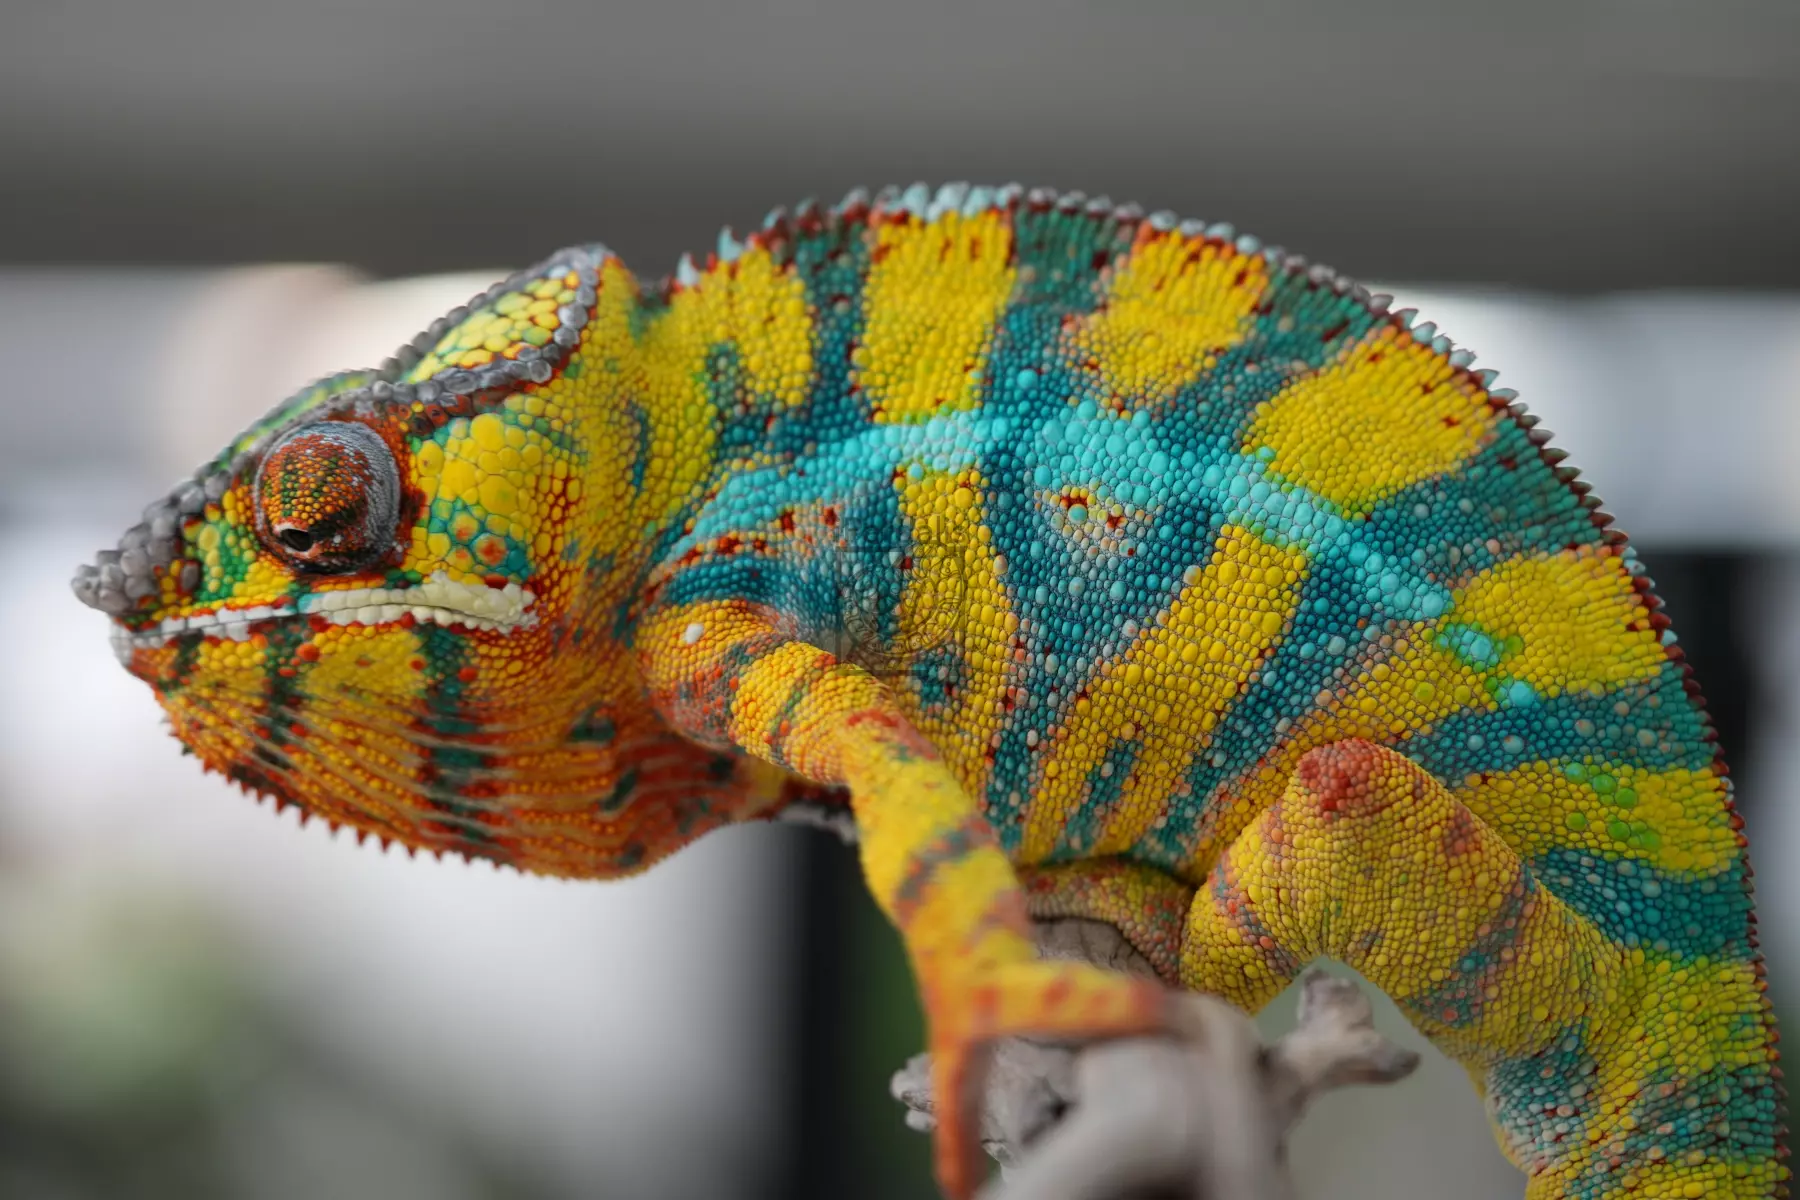 Panther Chameleon - Papafee
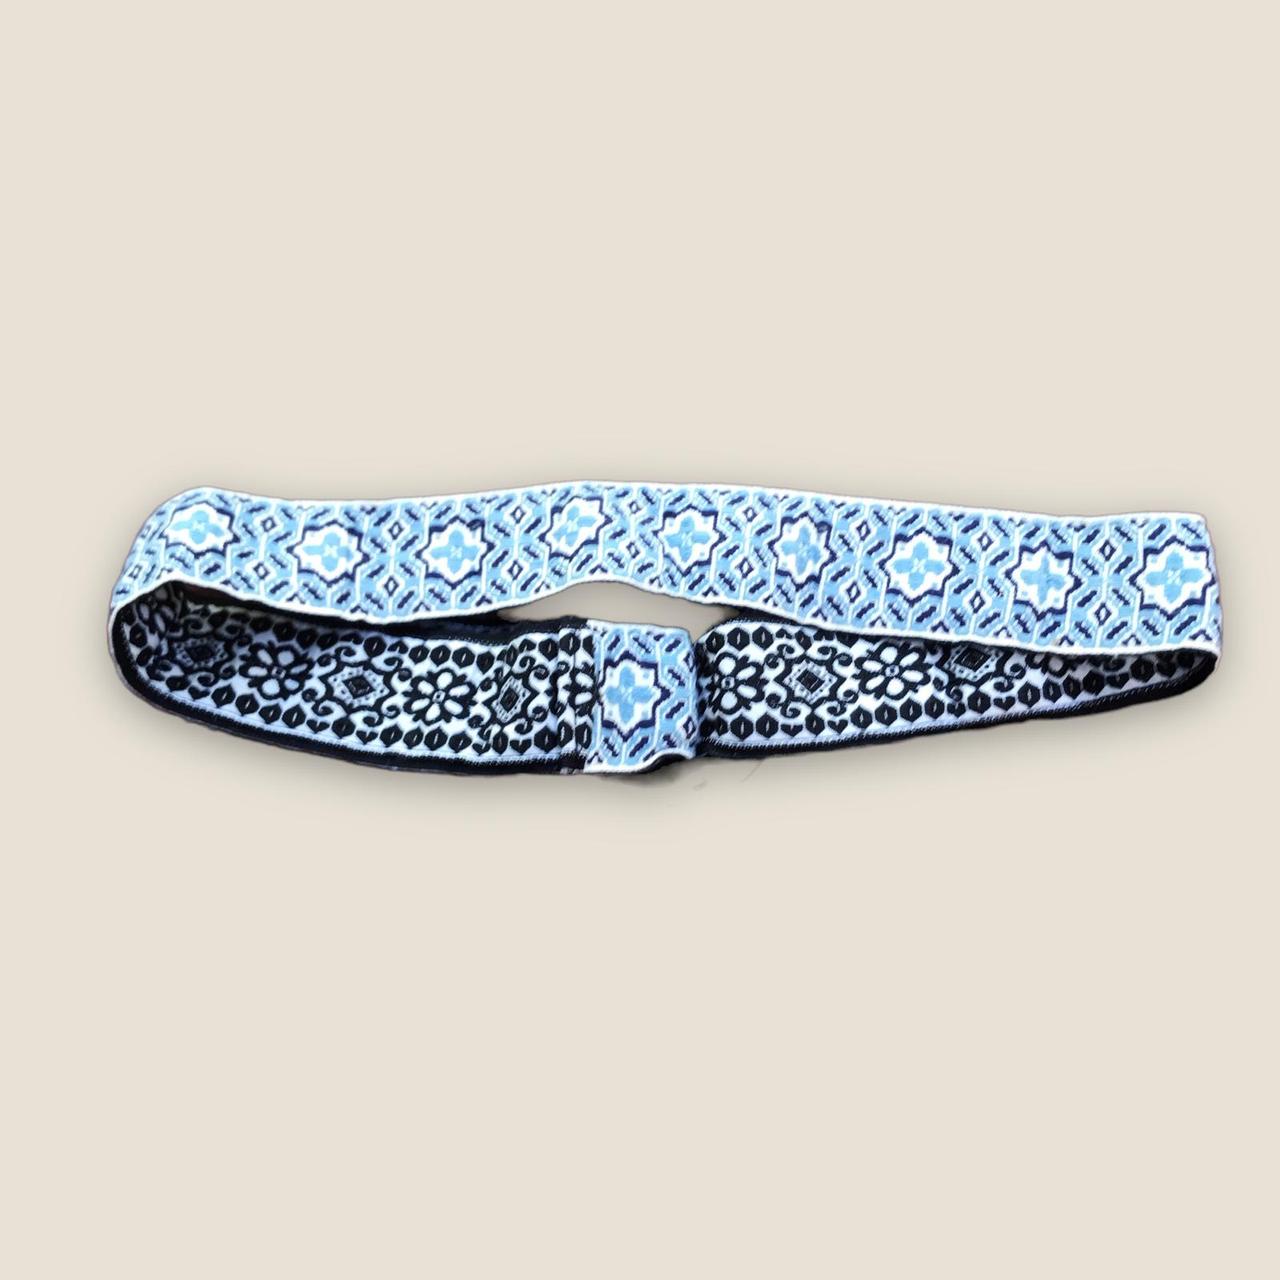 American Vintage Women's Blue and White Belt (4)
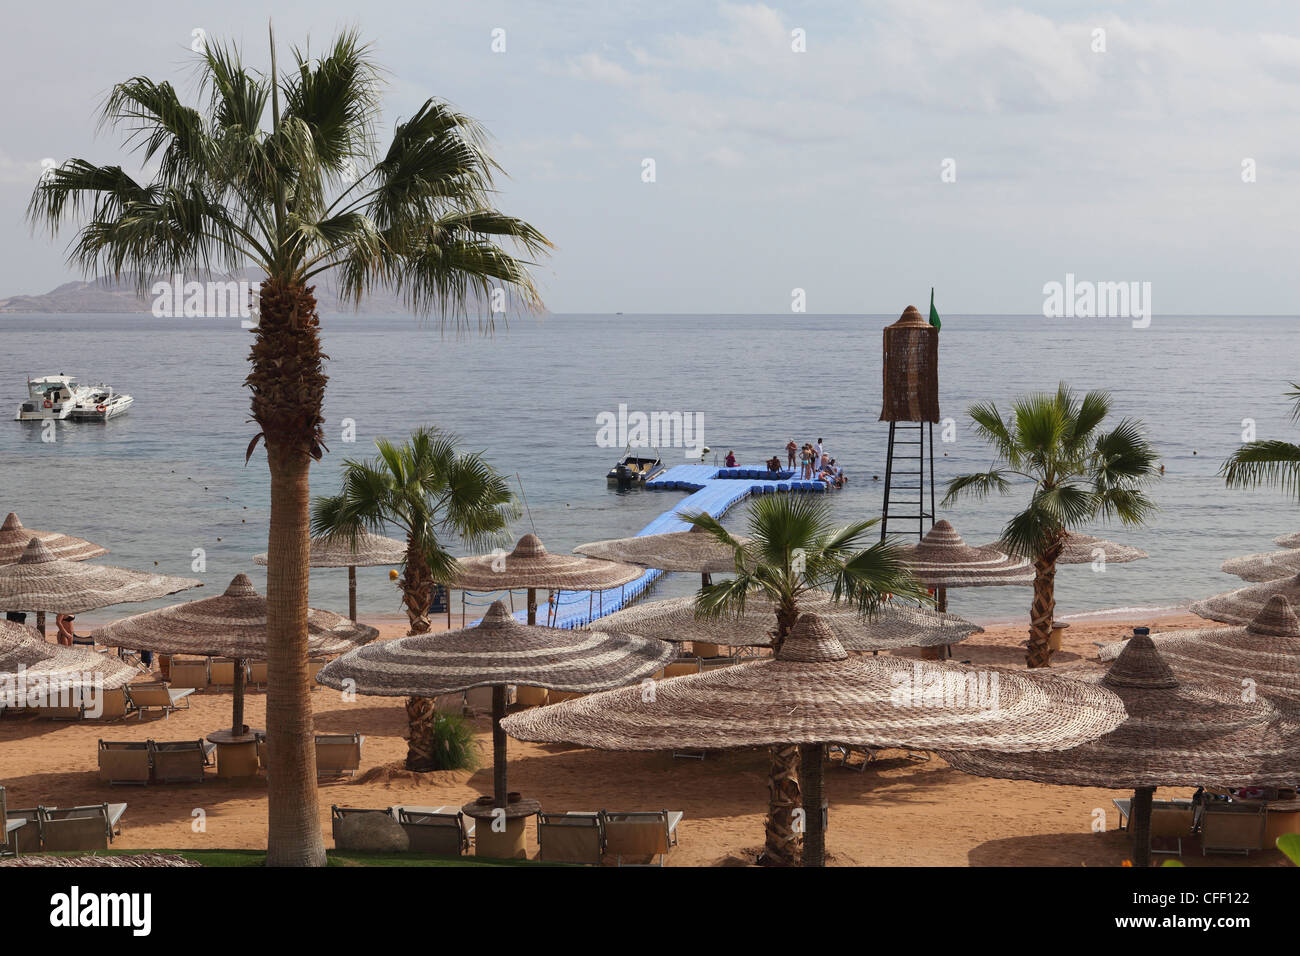 Sunshades and palm trees by the beach at White Knight Beach, Sharm el-Sheikh, Egypt, North Africa, Africa Stock Photo
---------------
**EXERCISE**
Return the listing verbatim, pictures excluded.

**ANSWER FOR THE TASK**
 Panther Chameleon - Papafee
 American Vintage Women's Blue and White Belt (4)
 Sunshades and palm trees by the beach at White Knight Beach, Sharm el-Sheikh, Egypt, North Africa, Africa Stock Photo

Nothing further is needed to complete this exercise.